She abruptly jumped off the table, but instead of leaving the training room like Mike obviously expected she shoved her training table closer to Mike’s. She climbed back on her table and laid down, her face turned towards Mike’s. She didn’t want anyone to overhear their conversation. Her private life was no one’s business. But for some reason, she was willing to trust Mike with her dysfunctional family stories. After all, he had enjoyed a front row seat to several of them.

“Why don’t you talk about your family,” she asked softly.

Mike closed his eyes again. “For the same reason you don’t.”

She snorted. “Somehow I doubt that.”

“You think you’re the only one with family issues?”

“No,” she said softly. “I think a lot of people have issues, just different than mine.”

Ginny waited but after a couple of minutes it was obvious he wasn’t going to respond. She pushed down her irritation that he wouldn’t open up to her when he knew enough about her family to understand her reluctance to discuss them.

“I don’t want to do it,” she quietly confessed.

Mike opened an eye. “Then don’t.”

She turned her face to the ceiling. “You know I have to. I can’t tell the commissioner of MLB no.”

“So what are you going to say,” Mike asked softly.

“I don’t know,” she confessed. “I don’t want to lie but I don’t want people to view my mother poorly. She is a good person over all.” A heavy weight settled in her chest as she thought about their last meeting and the awkwardness of it all.

“Then think of something good from your childhood. A funny story, or a time she stood up for you. Maybe a girls’ day trip you took. As adults you may struggle, but there must have been some positive moments or you would be so upset about your struggles now.”

Ginny stared at her captain, surprised at his insight. “You’re getting wise in your old age, Lawson.”

“I know everything, rookie. It has nothing to do with age.”

She let that crack go as her mind whirled to process what he said. She listened as his breath settled into something slower and deeper as he drifted off to sleep. He was right. She did have good memories with her mother that had been overshadowed in her resentment over the affair. And the more she thought about it, the more she felt the chasm that had grown between them.

The timer signaling the end of her icing startled her. She peeled back the plastic wrap holding her ice packs to her arm and sat up, slowly bending and flexing her elbow to feel for any stiffness that might indicate swelling. She breathed a sigh of relief when her range of motion remained normal. She had come too far in her recovery to risk setbacks now.

She looked at Mike and couldn’t stop the smile that spread across her face. He hadn’t stirred with the alarm and this was a rare chance for her to see him completely relaxed. He looked less hardened with his face relaxed in sleep, the constant furrow of his brow and sarcastic twist to his mouth gone. His lips were slightly parted and his one side of his face resting against the table gave the observable side a chipmunk cheek.

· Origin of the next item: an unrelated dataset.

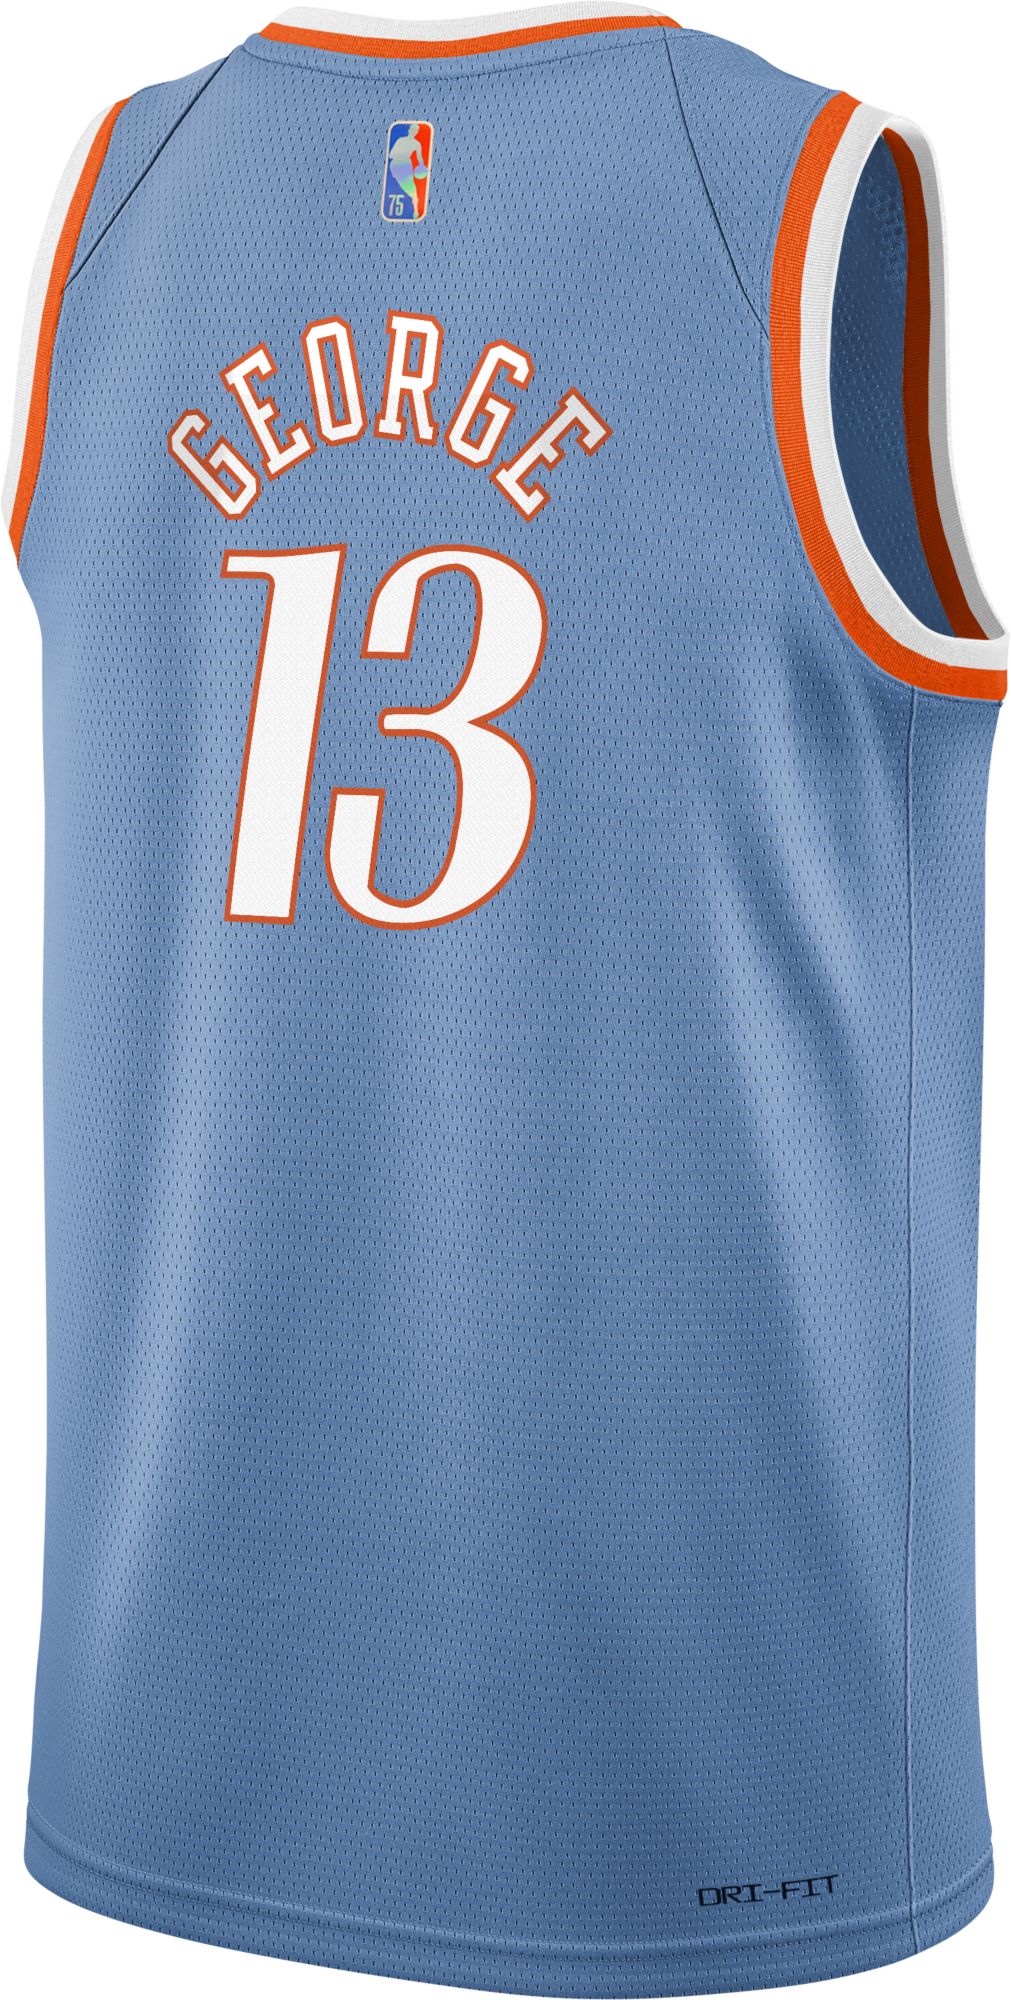 paul george jersey authentic

She quietly removed the heating pack from his back and carefully cut the wrap holding the ice packs to his knees. Then, because she was a weak woman who couldn’t resist teasing her captain, she softly pinched his chipmunk cheek. His eyes snapped open and he lifted his head to look around. His eyes met her and, sure enough, the furrows between his brows were back.

“Did you really just pinch my cheek?”

Ginny smiled cockily at him. “Relax, it was only your face cheek.”

Mike rested his forehead on the table and laughed. “You’re gonna be the death of me, rookie.”

“I’m not a rookie, Lawson.”

She thought she saw his cheeks pull back, indicating a smile that was hidden by the table. “Baker, you have a long way to go before you’re not a rookie.”

To her internal chagrin, Ginny couldn’t stop her eye roll. She was around Mike way too much if she was picking up his bad habits.

She slapped the side of his leg to get his attention. “Come on Lawson, I have a great idea.”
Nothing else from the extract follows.